Notons que les extraits publiés depuis samedi dans The Gazette, puis dans Le Journal de Montréal, sont conformes en tout point avec le rapport final. Une grande portion du rapport sert ainsi à dire aux Québécois de souche de mieux traiter les minorités de la province.

Pas de crise

Cinglant à l'égard des médias, le document soutient qu'il n'y a pas eu de véritable crise des accommodements raisonnables, que la législation actuelle est efficace et que l'interculturalisme comme modèle d'intégration, malgré ses ratés, fonctionne bien.

Au nom du principe de neutralité de l'État, les commissaires demandent l'interdiction du port de symboles religieux comme la kippa, le hijab et la croix pour les juges, les procureurs de la Couronne, les policiers, les gardiens de prison et le président et les vice- présidents de l'Assemblée nationale.

Les commissaires veulent également que Québec retire le crucifix qui est au-dessus du président de l'Assemblée nationale pour le replacer dans l'Hôtel du Parlement, «à un endroit qui puisse mettre en valeur sa signification patrimoniale».

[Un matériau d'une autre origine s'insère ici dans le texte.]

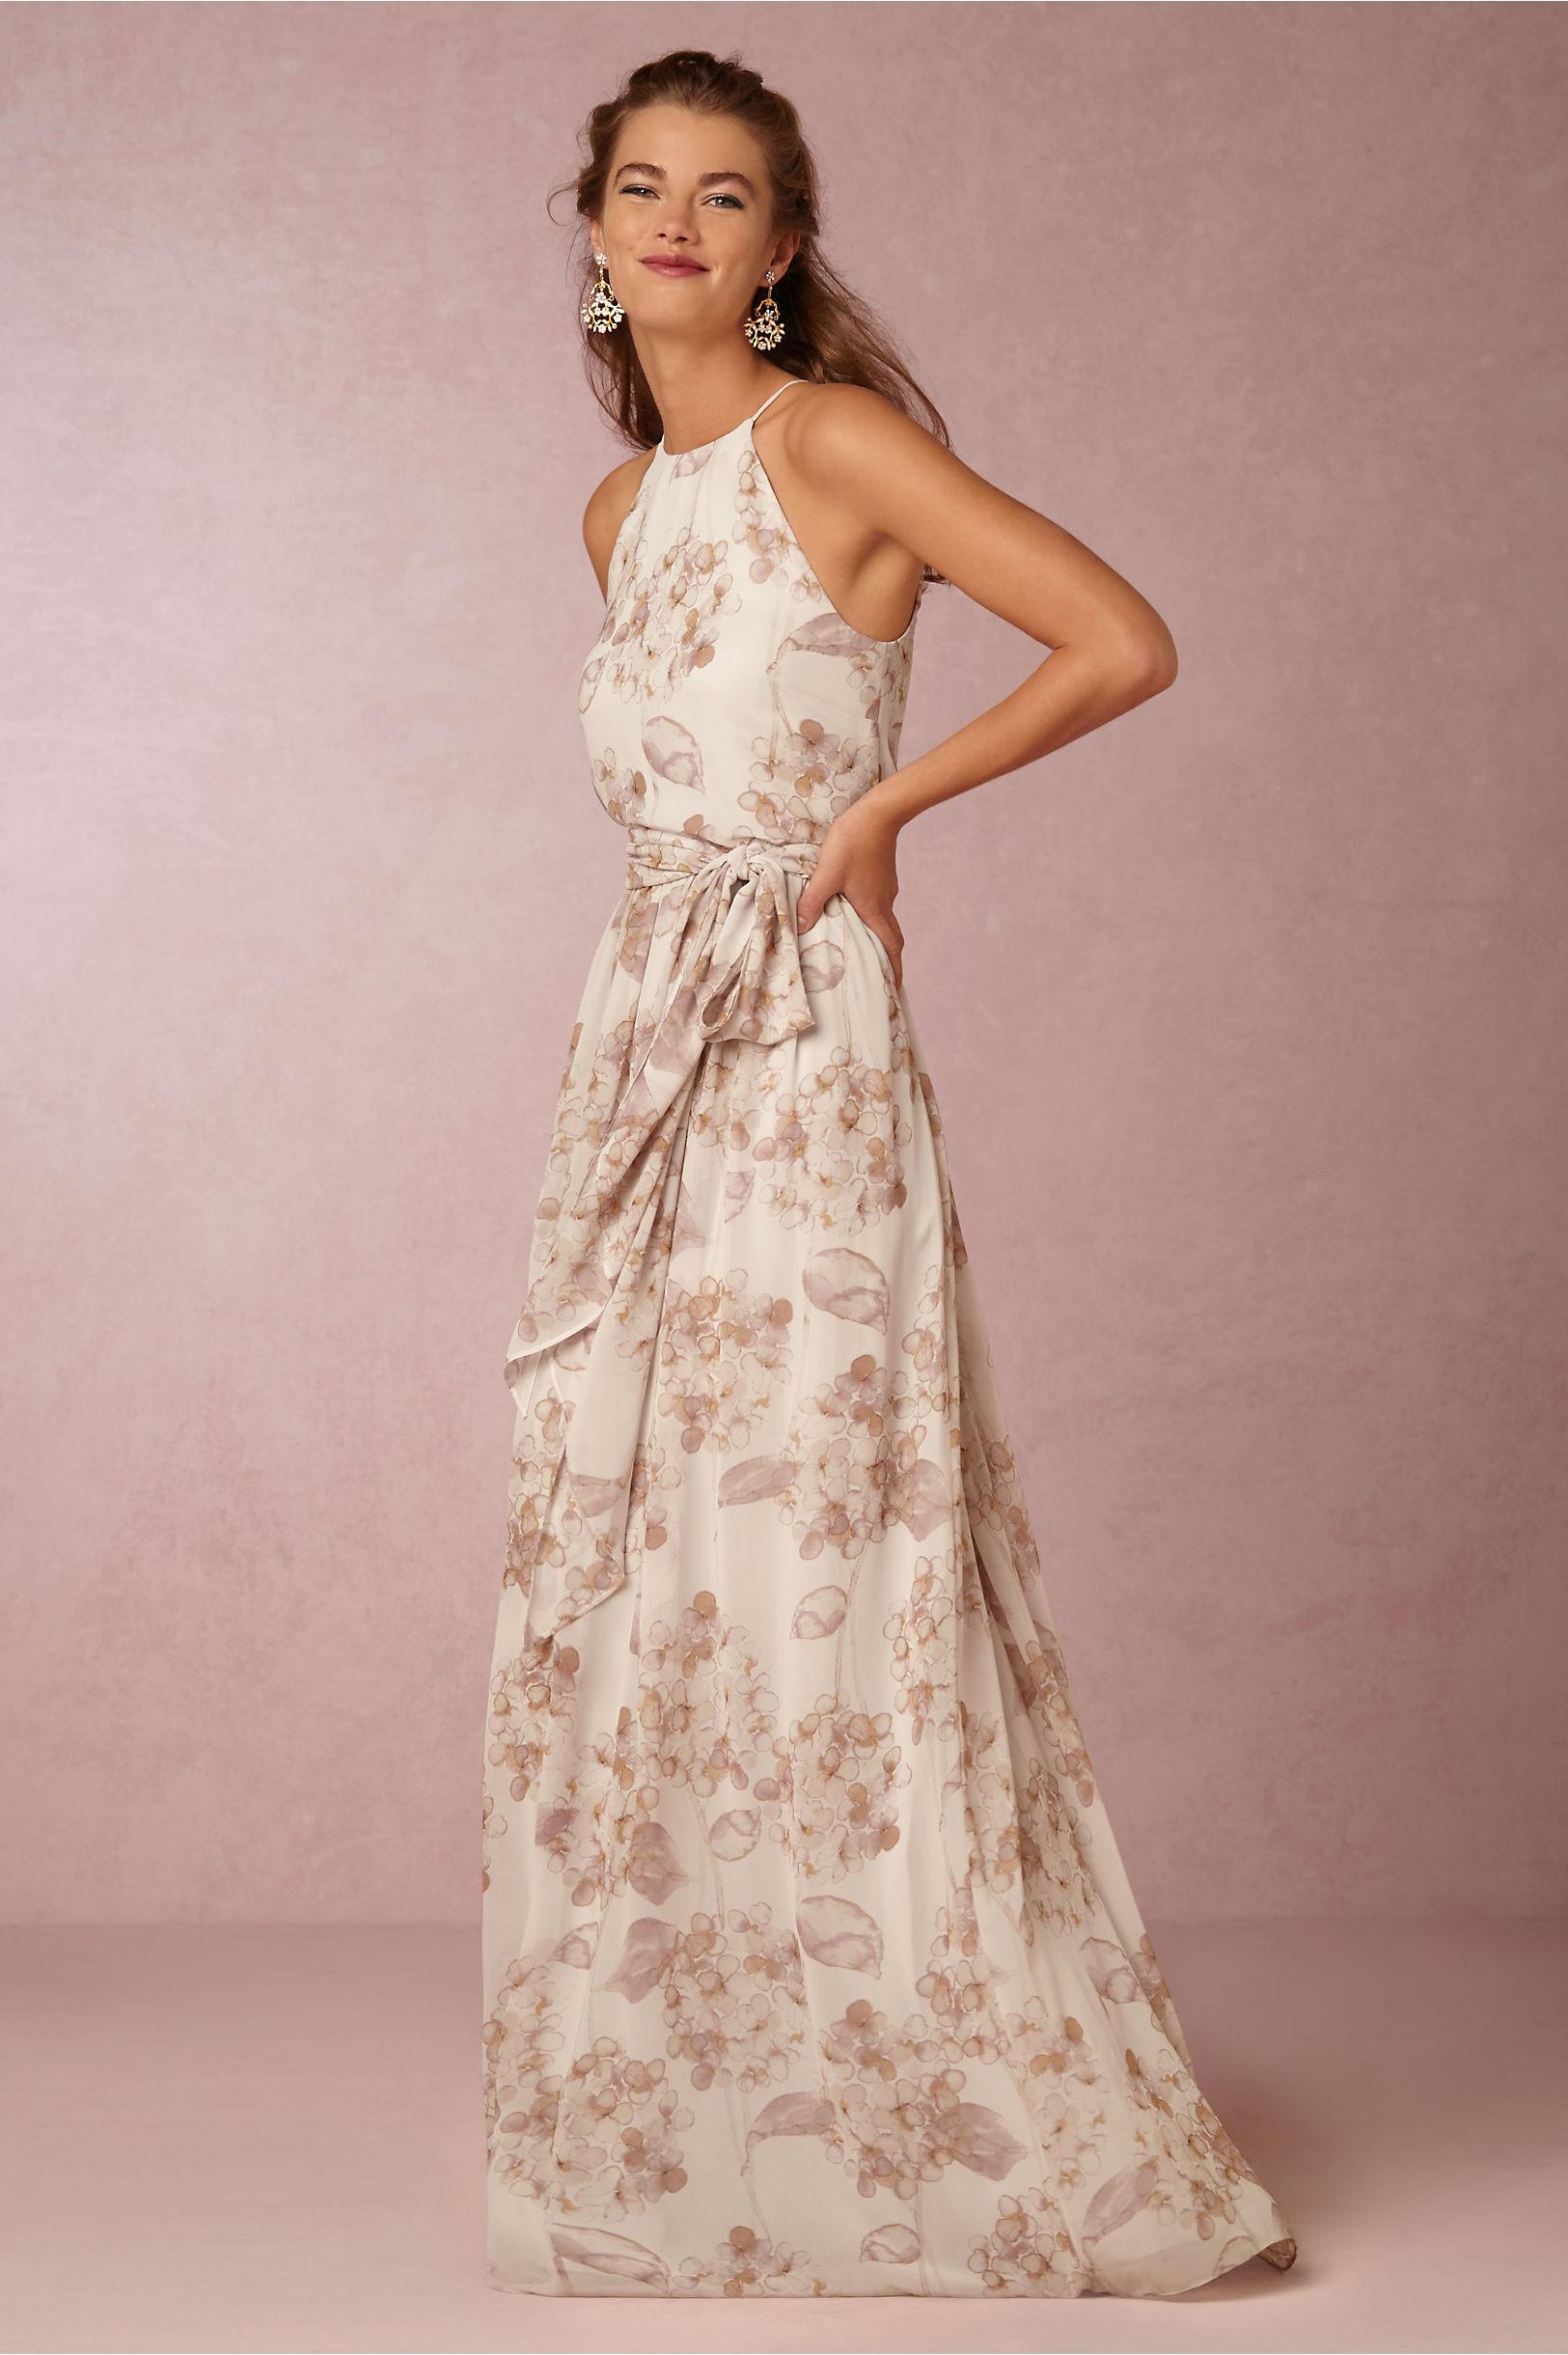 Awesome Wedding Dresses Altrincham Illustration - Wedding Dress ...

Ce principe s'arrête cependant à ces agents de l'État et le port de symboles sera permis pour tous les autres fonctionnaires, comme les enseignants et les infirmières. Par souci d'équité, on suggère également l'octroi de congés religieux aux gens qui ne sont pas catholiques ou protestants.

Trop ?

MM. Bouchard et Taylor concluent tout de même que les nouveaux arrivants doivent se plier aux règles fondamentales de notre société dont le principe de l'égalité homme-femme, la mixité et la séparation de l'État et du pouvoir religieux.

Est-ce que ce rapport en demande plus aux Québécois de souche qu'aux gens des minorités ? «Un régime de laïcité est élaboré pour l'ensemble des citoyens. Porter des signes religieux à l'école, par exemple, c'est permis pour tous les Québécois et pas seulement aux musulmans», répond Gérard Bouchard.

La commission Bouchard-Taylor aura finalement coûté 3,6 M$, soit 1,4 M$ de moins que prévu au budget.

LES PRINCIPALES RECOMMANDATIONS DU RAPPORT

  • Promouvoir les valeurs publiques communes comme l'égalité homme-femme.

  • Retirer le crucifix au-dessus du siège du président de l'Assemblée nationale et le replacer dans l'Hôtel du Parlement.

  • Interdire le port de signes religieux par les magistrats, les procureurs de la Couronne, les policiers, les gardiens de prison, le président et les vice-présidents de l'Assemblée nationale.

  • Autoriser le port des symboles religieux pour les autres fonctionnaires, comme les enseignantes et les infirmières.

  • Abandonner la prière avant les conseils municipaux.

  • Encourager les employeurs à accorder des congés religieux payés.

  • Créer un office d'harmonisation interculturelle pour informer les citoyens sur les vertus du compromis.

  • Mettre sur pied un comité d'enquête indépendant pour examiner les pratiques des ordres professionnels en matière de reconnaissance des diplômes étrangers.

  • Hausser le financement aux organismes qui offrent des services aux immigrants.

  • Encourager les immigrants à s'installer en régions, notamment à Québec.